Well, the election is over and, perhaps unsurprisingly, it turns out that elderly religious zealots and unabashed racists are better at getting the vote out than stoners and b-list celebrities. Here's a little preview of what's to come in the second administration of Bush the Second:

-- National pasttime changed from baseball to death by lethal injection.

-- New American colonies formed in Iran and North Korea, bringing citizens the joys of SEARS and Family Matters reruns.

-- Topless clubs reclassified as "faith-based initiatives."

-- Oprah deported.

-- Functions of legislating and resolving judicial disputes outsourced to Halliburton.

-- Crack cocaine added to the "food pyramid."

-- Gay marriage outlawed; marriage to unemployed, unwashed "backup dancer" still encouraged.

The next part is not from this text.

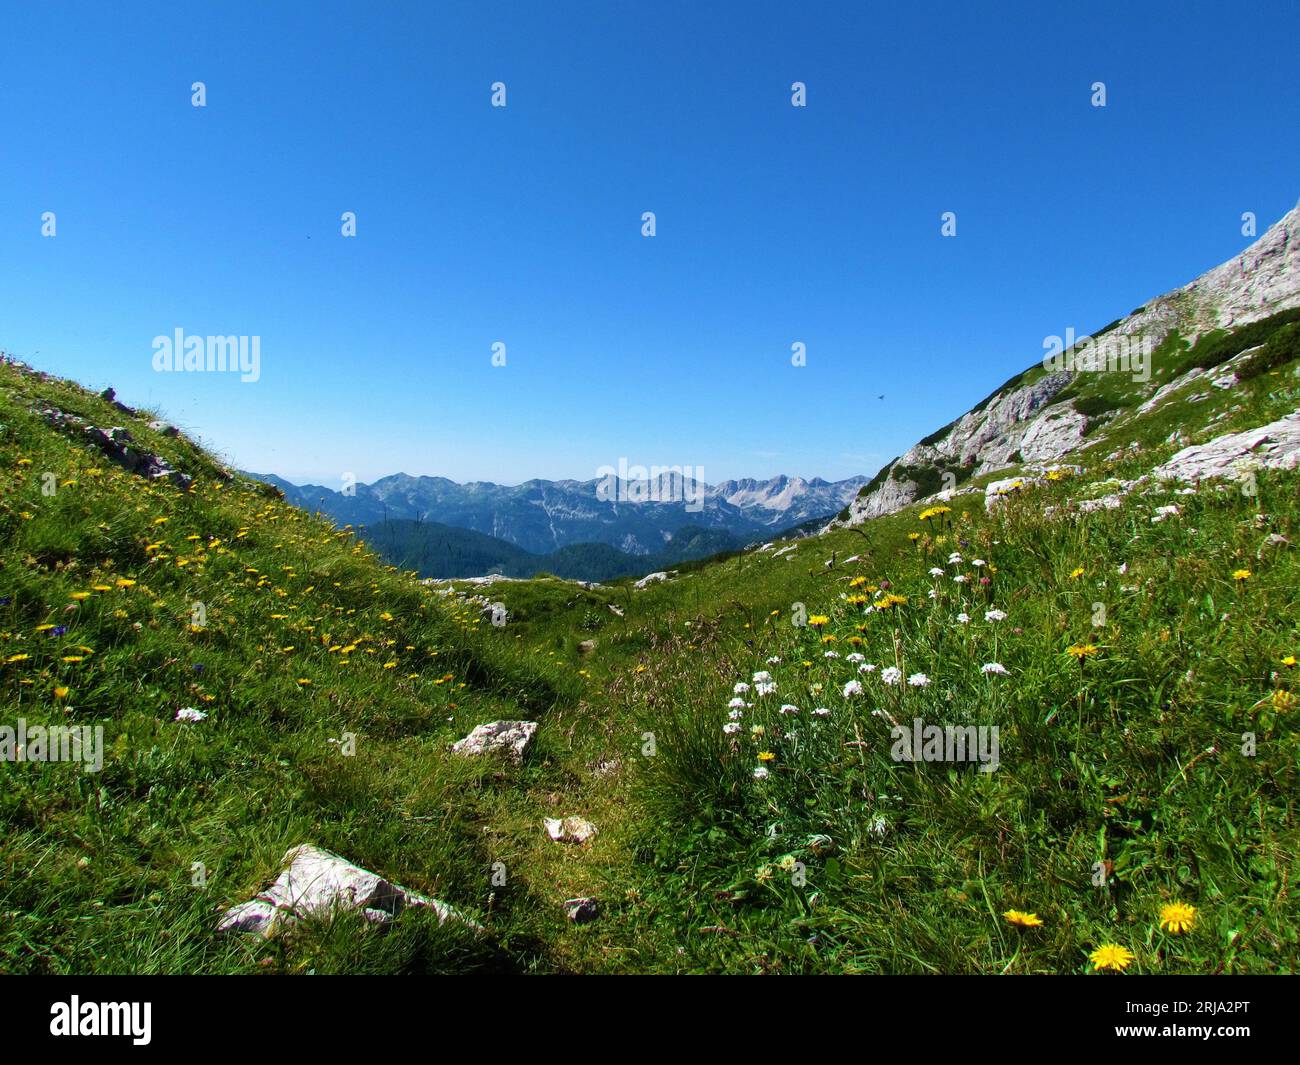 View of a mountain range in Julian alps, Slovenia with a meadow covered in white silvery yarrow (Achillea clavennae) and yellow flowers in front Stock Photo

-- Organ donation made mandatory in effort to rebuild Dick Cheney.

-- Iraqi explosives giveaway program extended through the holidays.

-- Supreme Court steps in to declare Condoleezza Rice America's Next Top Model.

-- Pieing Ann Coulter elevated to a capital crime.

-- Bush forestry policies extended to animal kingdom; baby seals clubbed to death in effort to "save them from themselves."

-- Oil companies encouraged to drill in Kennedy gravesite, "just in case."